Students come to college young ignorant and hormonal , wanting to do good and easily mislead as to what is true and what is good.
There is no genocide perpetrated by Israel. The icc specifically states there is no such finding. Phillipe Sands, attorney represent palestinians in international forums says Israel did not commit genocide. Numerous retired eu and USA admirals and generals have said that the civilian to fighter death ration in Gaza is lower than in any other urban warfare between any other parties due to Israel’s unprecedented measures to avoid civilian casualties. Hamas has admitted 85% of deaths in Gaza were fighters. When did you get the idea Israel committed genocide? When Israel halted fighting to vaccinate Gaza kids to prevent disease ? Israel in fact has been fighting against the genocidal acts and general declared intents of Hamas , the Iranian regime , and other Iranian proxies. Israel has been attacked in seven fronts from Oct 7 2023. But the misled students at Swarthmore somehow manage to mischaracterize Israel as having waged a genocidal war from that date. Astounding.
I’m sorry you have been mislead by your professors. I’m sorry they don’t care about you and have been willing to sacrifice you and other students to their agendas. They have misinformed you about the Middle East … a fascinating and complex part of the world about which I encourage you to actually learn. I am sorry your professors have mislead you about criminal justice system. I am sorry you misunderstand the duties and obligations of being on campus , and the risks of your behavior. No doubt your professors have mislead you in that too as students are cannon fodder to them.

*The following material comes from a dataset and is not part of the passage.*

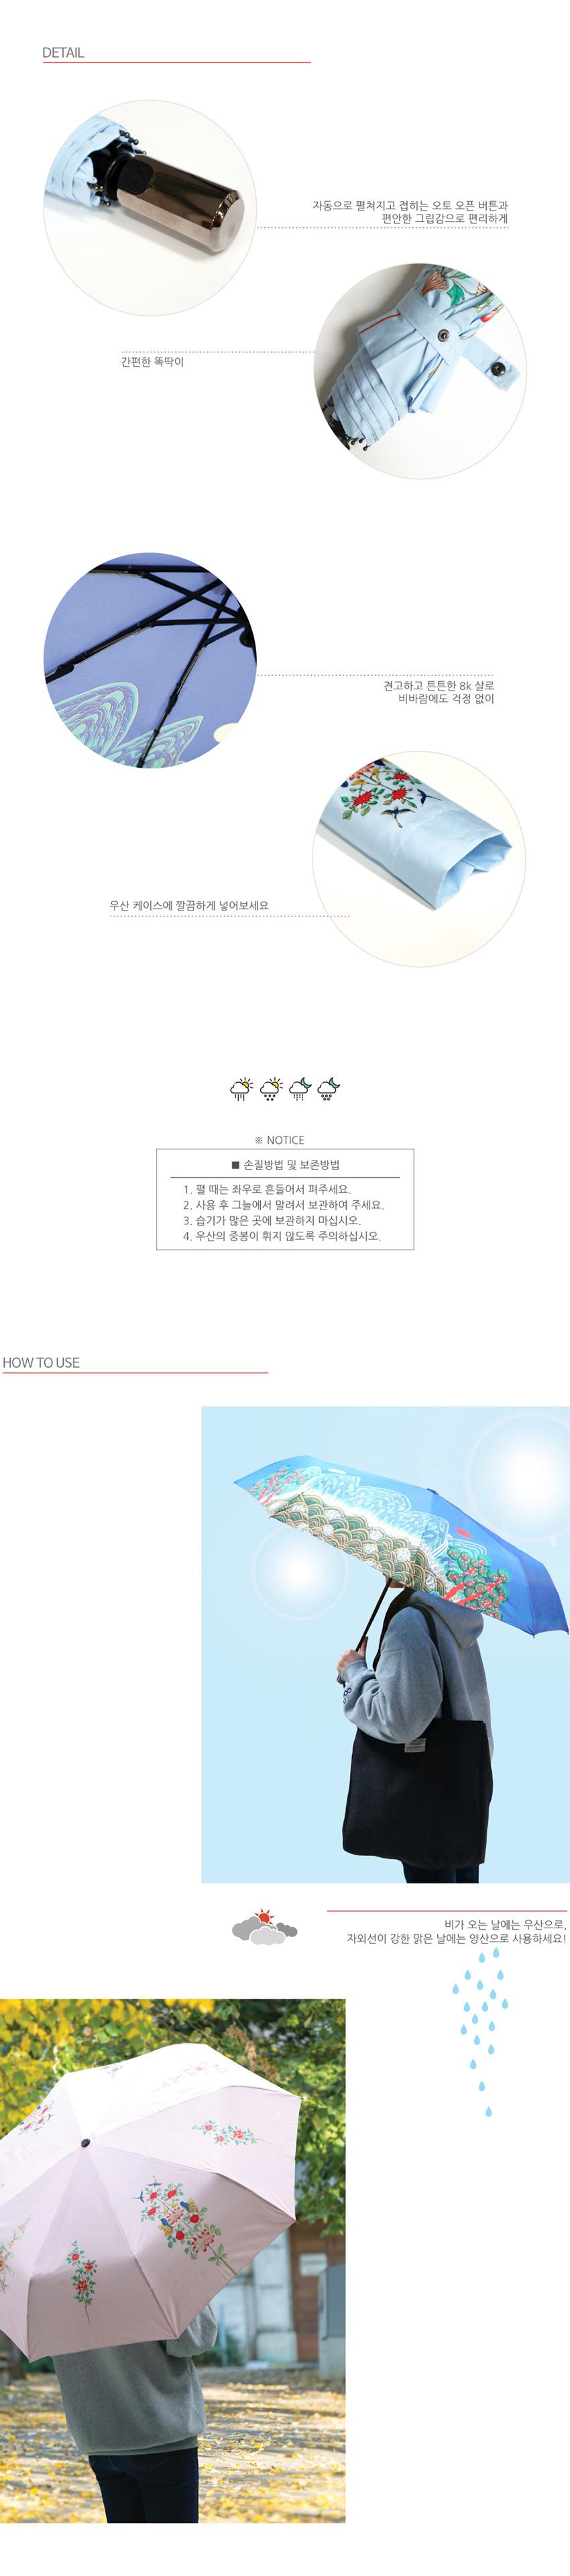 상세이미지-우산4.jpg

The encampments drew multiple police departments and the fbi ‘s attention to campus. They put foreign students at risk of deportation. They brought masked outsiders to camps through the night , who could have raped killed stolen or otherwise harmed students. The encampments also promoted violence and hate. How would you like the administration to respond if the same kind of vitriole hate speech and actual assaults and batteries were directed by a student group at black people , LGBTQ, women , Asians , Latinos or any other group ?

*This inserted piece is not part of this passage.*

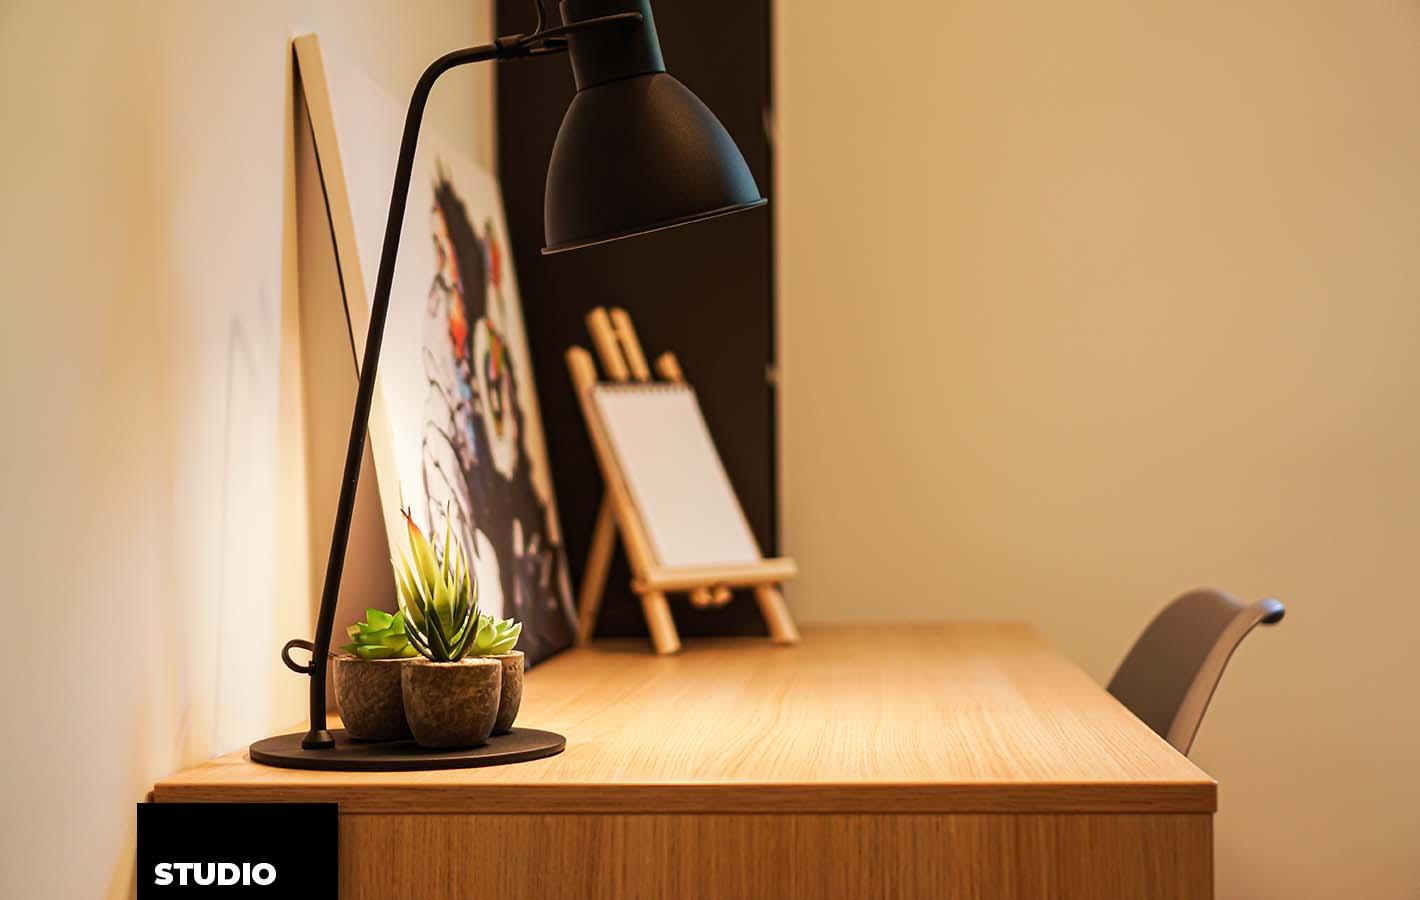 image  2021 09 02 residence etudiante suitetudes la galerie studio bureau 2 1

Students were advised repeatedly to get off the encampment. Some listened some didn’t. SJP had already been banned for good cause. Some didn’t adhere to that. There is a limit and the encampment students passed it.
I’m sorry you have been mislead to act harmfully and to your own harm . This is a lesson to learn and carry with you so you don’t get drawn into such a position again. Your professors who misinformed you about the Middle East , criminal justice , and the nature of acting responsibly on campus did not give a fig for your well being. Or for the truth. They should be fired.
Btw , the Iranian regime you support killed 30,000-100,000 Iranians in a few days for protesting. They rape women before murdering them for showing a bit of hair to prevent the woman going to heaven. They hang lgbtq. And they were sprinting to nuclear weapons while compelling genocidal chants . They were also on the cusp of having enough advanced long range missiles to make it impossible to adress their nuclear weapons program later. The shot a missile 2500 miles but that missile had a 4000 mile capability. The Iranian regime was also supplying Putin with weapons against Ukraine, and supplying China with cheap oil. Both parties say and have long said Iran could not be allowed to have nuclear weapons. Dems are now going against their own prior statements out of partisan rejection of anything Trump does. But they have long said they too would have prosecuted this war.